Why Kubernetes Vertical AutoScaling?

This is an interesting topic because we have been living in a world where the state was that was always better to scale out (using Horizontal Scaling) rather than scaling up (using Vertical Scaling) and especially this was one of the mantras you heard in cloud-native developments. And, that hasn’t changed because horizontal scaling provides much more benefits than vertical scaling and it is well covered with the Autoscaling capabilities or side-projects such as KEDA. So, in that case, why is Kubernetes including this feature and why are we using this site to discuss it?
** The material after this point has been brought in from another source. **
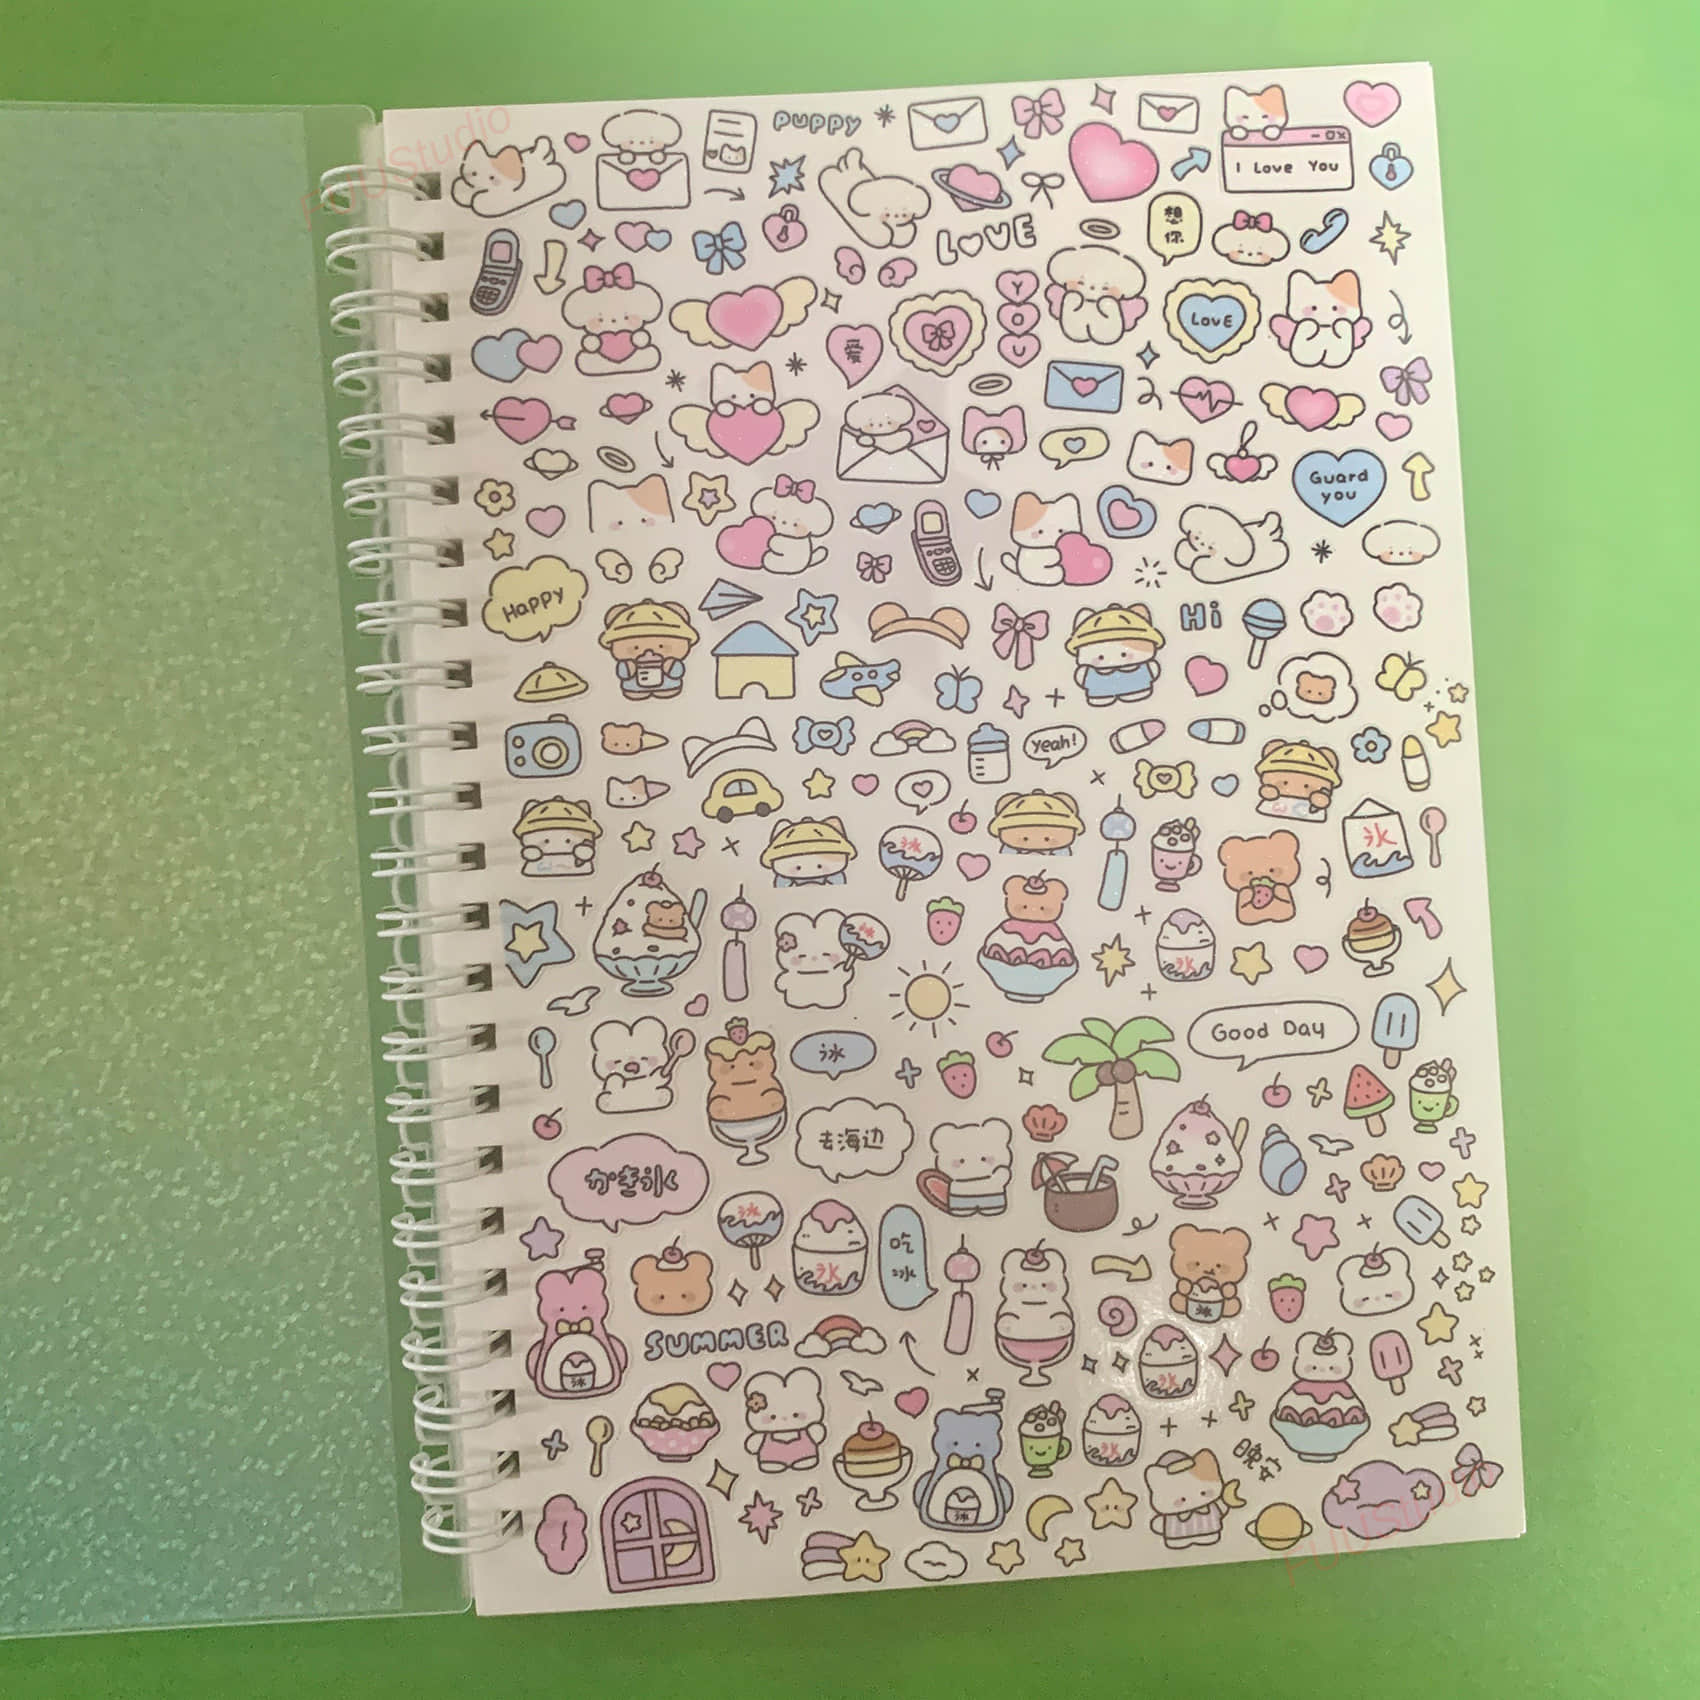 Kawaii Sticker & Glitter Holographic Cover Reusable Sticker Book A5 size, 50 double-sided pages

Because with the transformation of Kubernetes to be the de-facto alternative to any deployment you do nowadays, the characteristic and capabilities of the workloads that you need to handle have extended and that’s why you need to use different techniques to provide the best experience to each of the workloads types

How Kubernetes Vertical Autoscaling?

Here you will find all the documentation about this new feature that as commented is still in the “alpha” stage to is something to try as an experimental mode rather than using it at the production level HPA Documentation

Vertical Scaling works in the way that you will be able to change the resources assigned to the pod, CPU, and memory without needing to restart the pod and change the manifest declaration and that’s a clear benefit of this approach. As you know, until now if you want to change the resources applied to a workload you need to update the manifest document and restart the pod to apply the new changes.

To define this you need to specify the resizePolicy by adding a new section to the manifest pod as you can see here:

apiVersion: v1
kind: Pod
metadata:
  name: qos-demo-5
  namespace: qos-example
spec:
  containers:
  - name: qos-demo-ctr-5
    image: nginx
    resizePolicy:
    - resourceName: cpu
      restartPolicy: NotRequired
    - resourceName: memory
      restartPolicy: RestartContainer
    resources:
      limits:
        memory: "200Mi"
        cpu: "700m"
      requests:
        memory: "200Mi"
        cpu: "700m"

For example in this case we define for the different resource names the policy that we want to apply, if we’re going to change the cpu assigned it won’t require a restart but in case we’re changing the memory it would require a restart.

That implied that if would like to change the CPU assigned you can directly patch the manifest as you can see in the snippet below and that provides an update of the assigned resources:

 kubectl -n qos-example patch pod qos-demo-5 --patch '{"spec":{"containers":[{"name":"qos-demo-ctr-5", "resources":{"requests":{"cpu":"800m"}, "limits":{"cpu":"800m"}}}]}}'

When to use Vertical Scaling are the target scenarios?

It will depend on a lot of different scenarios from the use-case but also from the technology stack that your workload is using to know what of these capabilities can apply. As a normal thing, the CPU change will be easy to adapt to any technology but the memory one would be more difficult depending on the technology used as in most of the technologies the memory assigned is defined at the startup time.

This will help to update components that have changed their requirements as an average scenario or when you’re testing new workloads with live load and you don’t want to disrupt the current processing of the application or simply workloads that don’t support horizontal scaling because are designed on a single-replica mode

 Conclusion

In conclusion, Kubernetes has introduced Vertical Pod Autoscaling, enabling Kubernetes vertical autoscaling of workloads by adding resources to existing pods. Kubernetes Vertical autoscaling allows for resource changes without restarting pods, providing flexibility in managing CPU and memory allocations.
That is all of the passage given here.